Yes. I'd really appreciate it if you would cite my paper.

@xxxnell Quick question, which part of your publication mentioned Attention2D in models/attentions.py? From what I read, you only mentioned MSA from vanilla transformer.

@dinhanhx Oh! Sorry for the confusion. Attention2d in models/attentions.py is almost identical to traditional MSA in vanilla ViT, so I think you should cite the original ViT paper. Please cite my paper only if you have used or modified my code and implementation directly.

@xxxnell well I found that your Attention2D in models/attentions.py is kinda similar to this one https://github.com/lucidrains/vit-pytorch/blob/c2aab05ebfb01b9740ba4dae5b515fce1140e97d/vit_pytorch/cvt.py#L70-L102 from CvT: Introducing Convolutions to Vision Transformers. From my understanding, the major difference is the number of CNN layers to project qkv.
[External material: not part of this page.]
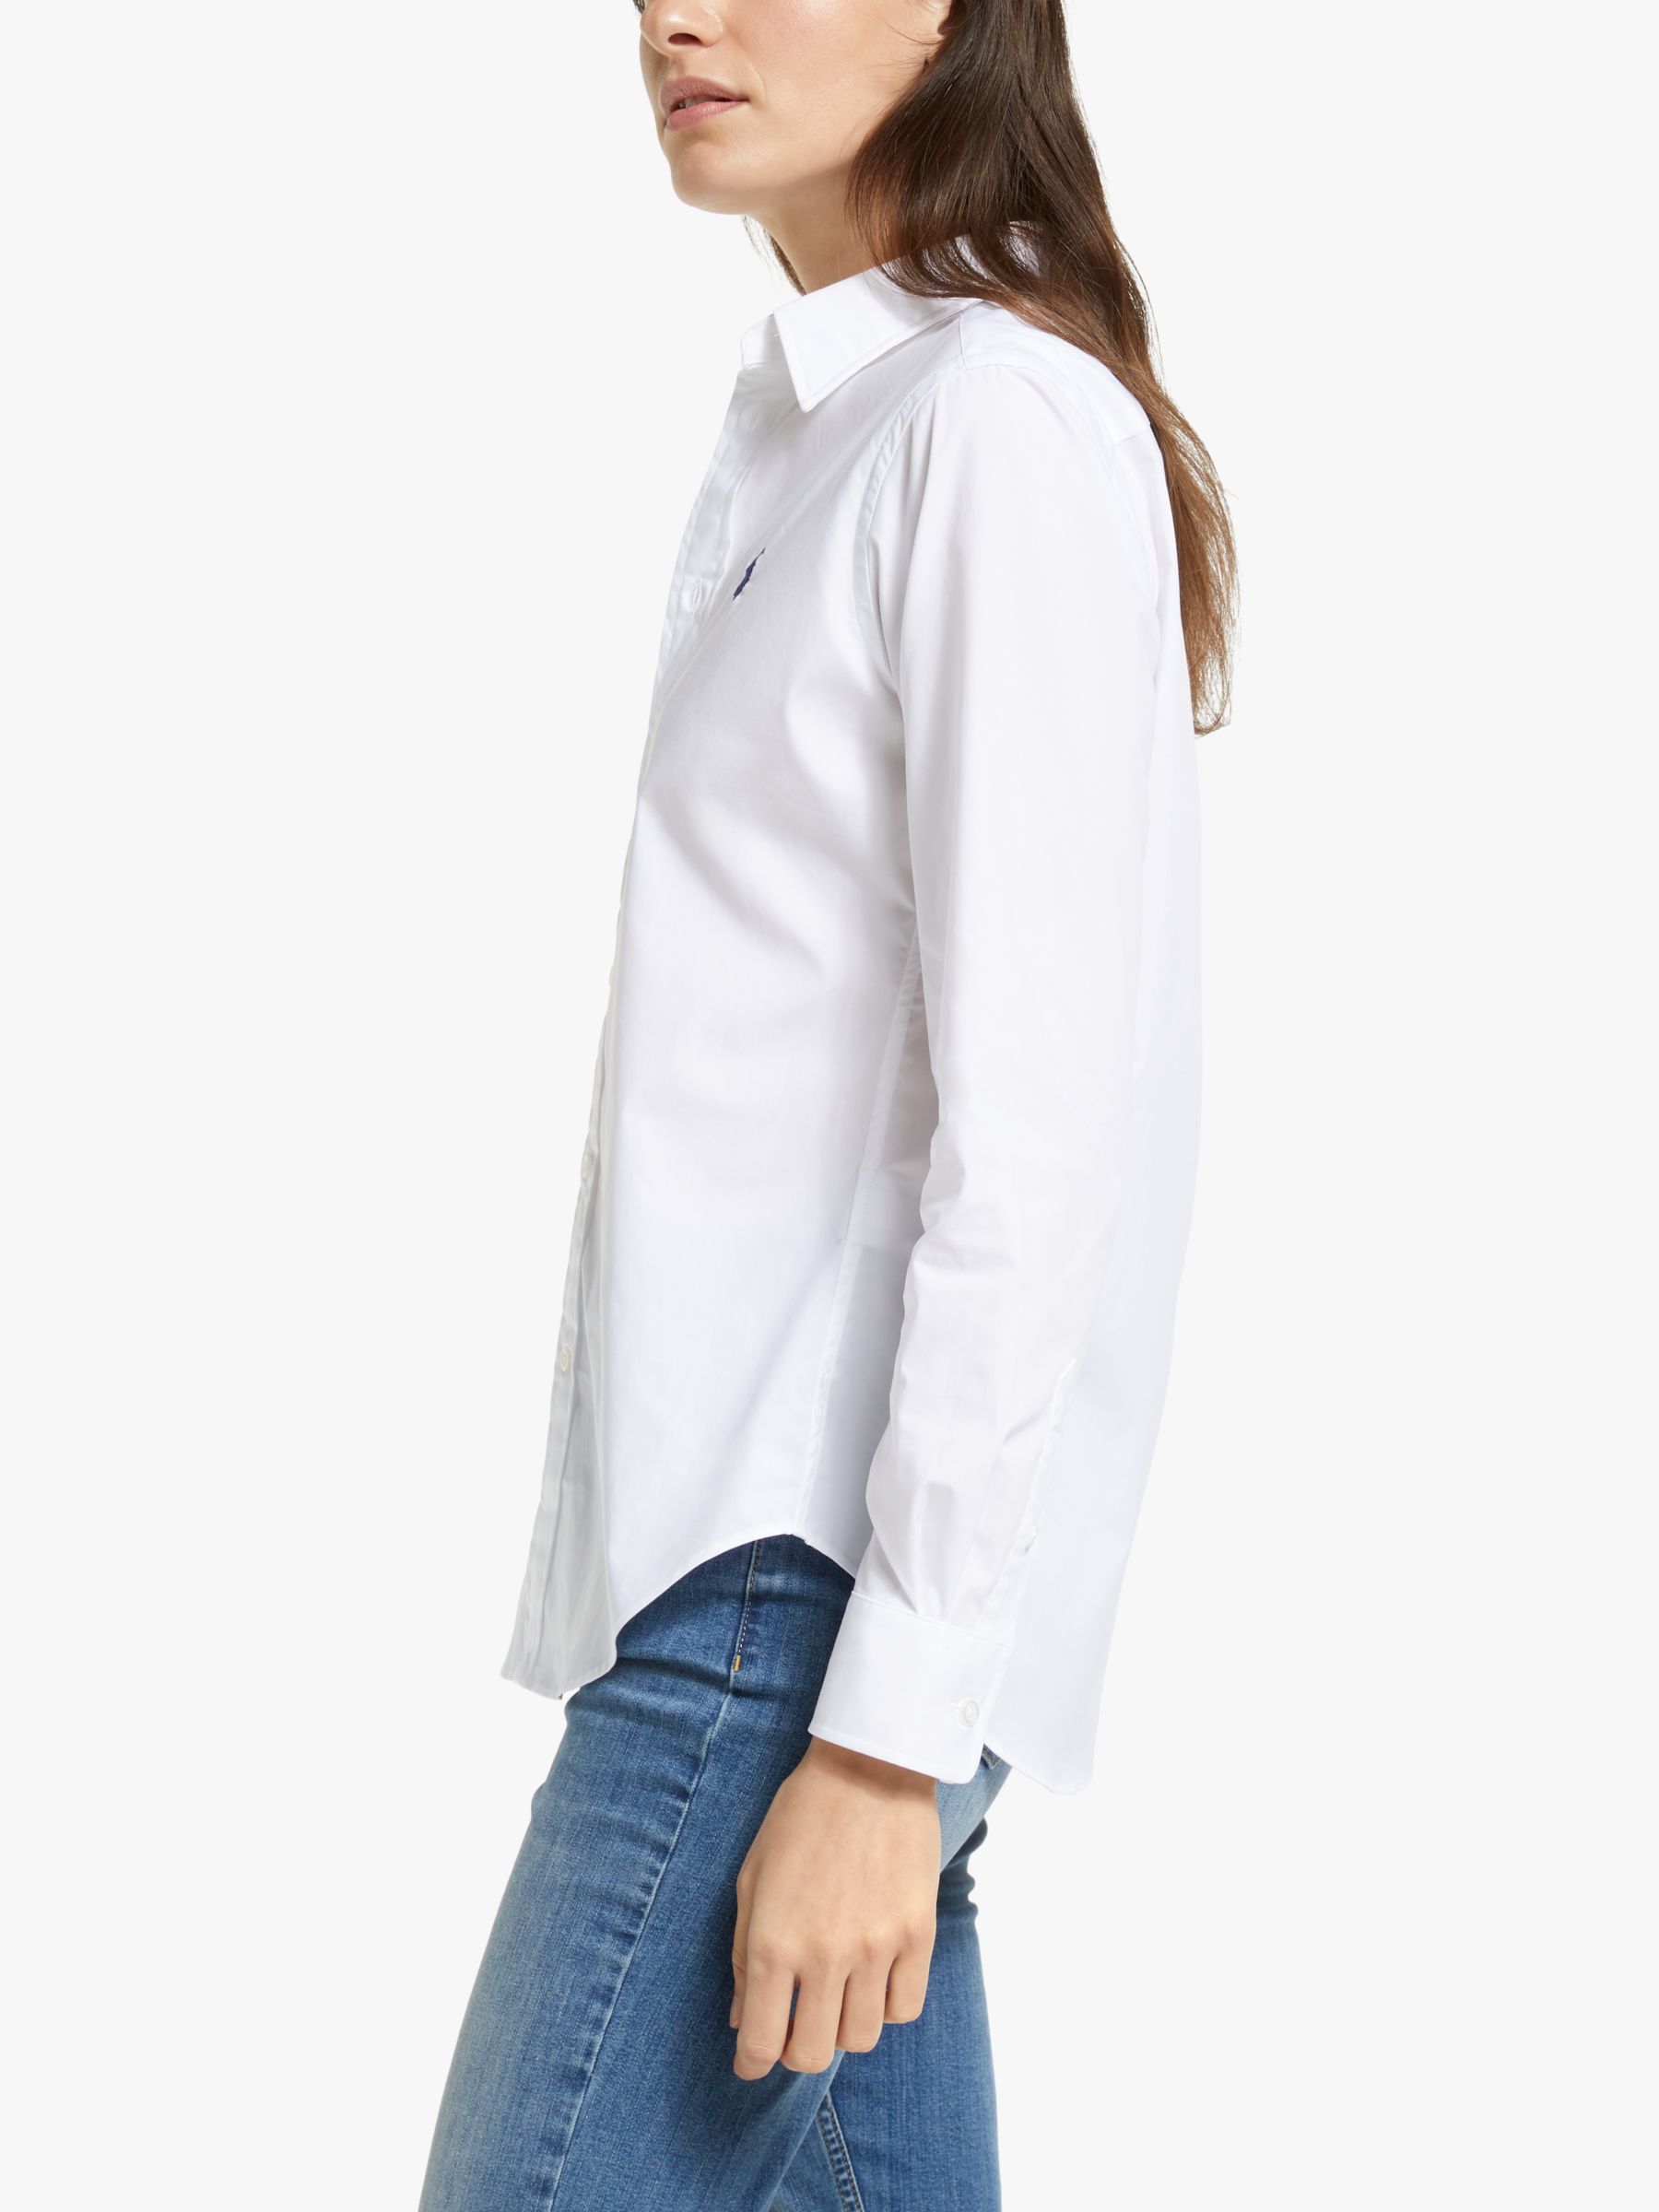 Polo Ralph Lauren Georgia Shirt, White, 8

@dinhanhx Ah, I think now I understand what you pointed out! I initially used two Convs for qkv to improve the performance of AlterNet. So there was an experiment and discussion on stride k in self.to_kv in the first draft, but they were removed in the final revision for better readability. As a result, in the context of my paper, I didn't take advantage of the two Convs and the stride attribute for the sake of simplicity, and it also looks good to me to use one Conv instead of two Convs. In addition, since a lot of my implementations are based on https://github.com/lucidrains/vit-pytorch, I think it's also great to cite the original project to use the code.

@xxxnell It was confusing to me since there are few similar convolution attention mechanism like yours. I did have a hard time trying to differentiate them.

if I use AlterNet (theory), I cite your paper.
if I use AlterNet (code), I cite your paper, and the original project https://github.com/lucidrains/vit-pytorch.
if I only use Attention2D in models/attentions.py, I cite your paper, that CvT paper, and the original project.

Right?

@dinhanhx Right. I think what you said is one of the best practices.

@dinhanhx Right. I think what you said is one of the best practices.

Thanks for supporting me!

Thanks for your comments on our "Convolutional SANs" (https://arxiv.org/abs/1904.03107). We are also very happy to see this can inspire your work. The paper on analyzing Vision Transformers is really insightful and interesting.

Hi,

I was inspired by "Convolutional Self-Attention Networks" [2], and implemented the two-dimensional ConViT model for vision tasks from scratch. Yang et al. [2] mainly proposed one-dimensional convolutional transformers for natural language tasks. As far as I know, no official implementation of [2] is provided.

I will add the reference [2] to convit.py. Thank you for your feedback!

[2] Baosong Yang, Longyue Wang, Derek F Wong, Lidia S Chao, and Zhaopeng Tu. "Convolutional self-attention networks". NAACL, 2019.

We have implemented various SANs including "Convolutional SANs" at:
https://github.com/baosongyang/Context-Aware-SAN/blob/main/layers/attention_conv.py.

Hi @longyuewangdcu ,

Thank you for the great paper and your kind words. And sorry I missed that implementation. I starred the repository, and I'll take a closer look!